Portland’s Arts Funding Model Is No Longer Aligned with Equity, Access, or Public Intent
An Urgent Call for Course Correction from Portland Arts and Culture for Equity (PACE)
Context
The City of Portland is poised to continue a funding model that has shifted away from the principles of equity, transparency, and accountability that guided arts investments for years. In FY25, Portland eliminated DEIA scoring and tied funding levels solely to organizational budgets. The Office of Arts & Culture has indicated that in FY26, even the language of equity will be removed, with only a flat Base Tier award distributed—regardless of community impact, accessibility, or demographics served.
The Result
Over $400,000 diverted from small-to-mid-sized organizations—many BIPOC- and LGBTQ+-led, disability-centered, youth-focused, or community-rooted
FY25 cuts represented an average of 4% and as much as 8% of annual budgets for smaller orgs
Meanwhile, Portland’s largest orgs saw increases of less than 1% of their budgets
Equity metrics used for the past five years—such as board and staff diversity, free public access, and investment in local artists—were dropped
FY26 will formalize this departure from the Arts Education & Access Fund’s (Arts Tax) mandate to serve underserved communities
Data shows Portland is an outlier
Portland gives nearly 7 times more of its total public arts funding to its largest org than any comparable city (LA, Seattle, Denver, etc.)

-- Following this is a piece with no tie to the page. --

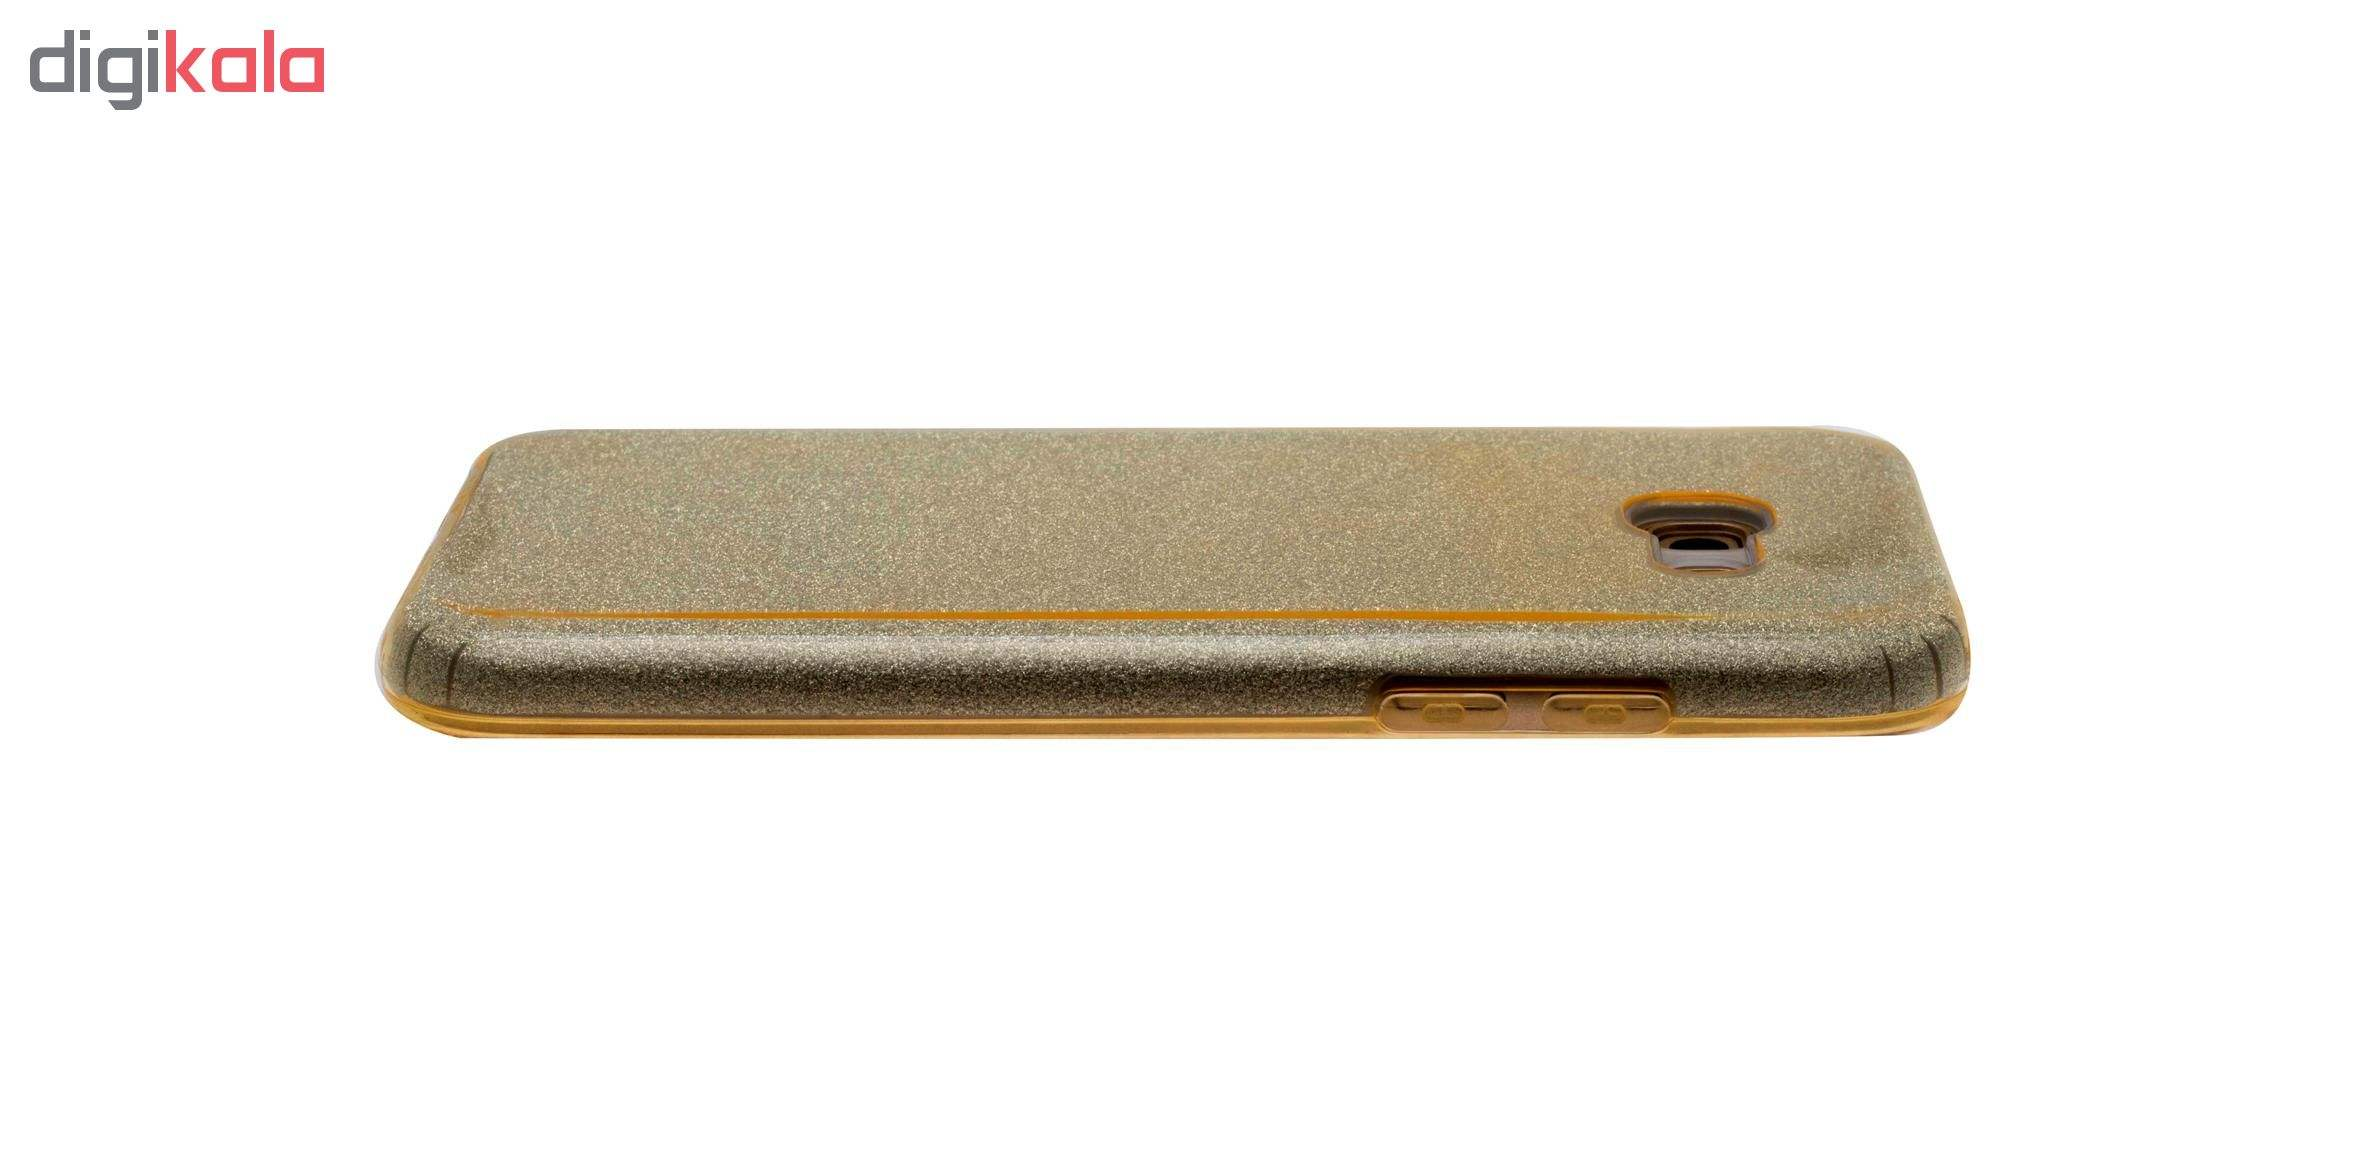 کاور مدل CORONA طرح اکلیلی مناسب برای گوشی سامسونگ گلکسی A5 2017 / A520 main 1 16

We fund fewer total organizations, despite having over 600 registered nonprofit arts entities
This model is both inequitable and inefficient—benefiting a few at the expense of many
A shift in policy, not resources
This is not simply a question of budget size—it’s a fundamental shift in values. The Arts Tax was passed by voters to expand access, not concentrate resources. Funding should reflect need, public benefit, and reach—not solely organizational budget size.
This is a solvable issue. Other cities—many with fewer resources—have already built stronger, more equitable public funding systems. Portland can do the same.